# Mysteriöser JTextPane Bug?



## Xavier (19. Okt 2007)

Hi,

Ich habe ein Applet mit einer JTextPane. Das läuft auch prima - wenn ich aber das Browser-Fenster neu lade spinnt das JTextPane. 

Der Text wird einwandfrei angezeit allerdings ist der Cursor weg, und den Text kann ich nicht mehr markieren. Dennoch kann ich mit der Maus CaretListener-Events auslösen. Ich kann mir das nicht erklären.

Irgendeine Idee?

Danke,
Xavier


----------



## André Uhres (20. Okt 2007)

Xavier hat gesagt.:
			
		

> ..Ich habe ein Applet mit einer JTextPane.
> ..wenn ich aber das Browser-Fenster neu lade..
> ..den Text kann ich nicht mehr markieren..


Bei mir bleibt der Text markierbar:
http://www.java-forum.org/de/userfiles/user3690/AppletTest.html
http://www.java-forum.org/de/userfiles/user3690/AppletTest.jar
(Quellcode im jar)


----------



## Xavier (20. Okt 2007)

André Uhres hat gesagt.:
			
		

> Xavier hat gesagt.:
> 
> 
> 
> ...



Nur ist mein Programm auch nicht so trivial. Wahrscheinlich generierst Du einmal das JTextPane und zerstörst es am Ende?
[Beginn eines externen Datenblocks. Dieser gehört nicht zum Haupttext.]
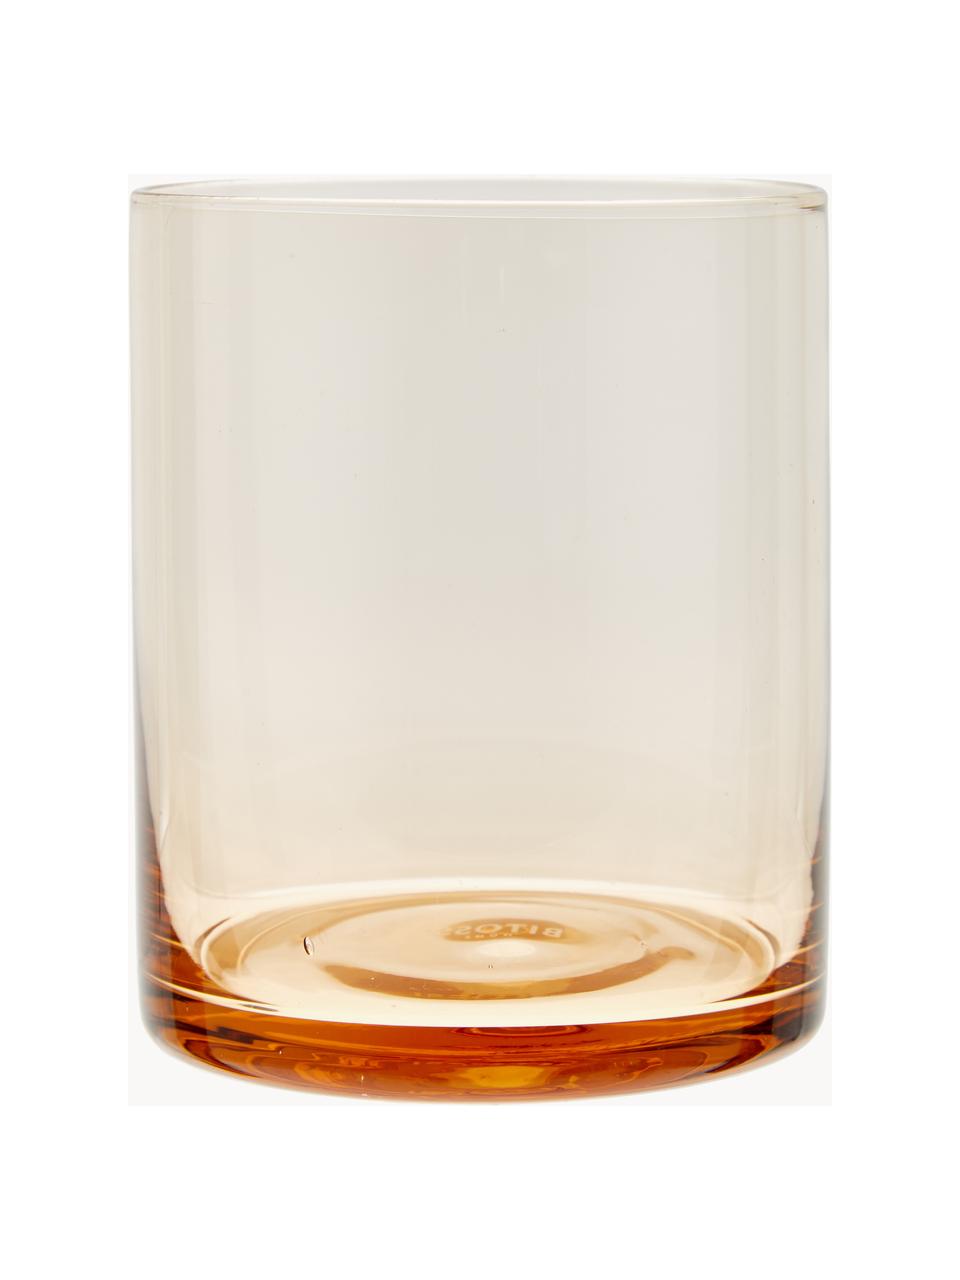 Set 6 bicchieri acqua in vetro soffiato in diverse forme e colori Desigual, Vetro soffiato, Multicolore, trasparente, Ø 8 x Alt. 10 cm, 200 ml

Ich habe einige Singletons, die auch weiterleben, nachdem destroy() aufgerufen wurde.


----------



## André Uhres (20. Okt 2007)

Ist das jetzt eine Quizfrage und wir müssen deinen Code erraten?


----------



## Guest (22. Okt 2007)

André Uhres hat gesagt.:
			
		

> Ist das jetzt eine Quizfrage und wir müssen deinen Code erraten?



Ich glaube das Problem ist wie ich erwähnt habe, dass ich nicht alles beim erneuten init() von Vorne generieren KANN! Ich habe keine andere Wahl. In deinem Minimalbeispiel ist es natürlich ein Kinderspiel alles von Vorne zu generieren.

Ich habe dein Beispiel mal umgeschrieben. Es wird eine JTextPane und ein Thread einmalig generiert und bei einem erneuten init() wiederverwendet. Teste es mal aus - wenn man reloaded ist das JTextPane tot...kein Copy/Paste, kein Löschen, keine Eingabe. Auch der Thread verhölt sich nach mehrmaligem Reload extrem seltsam.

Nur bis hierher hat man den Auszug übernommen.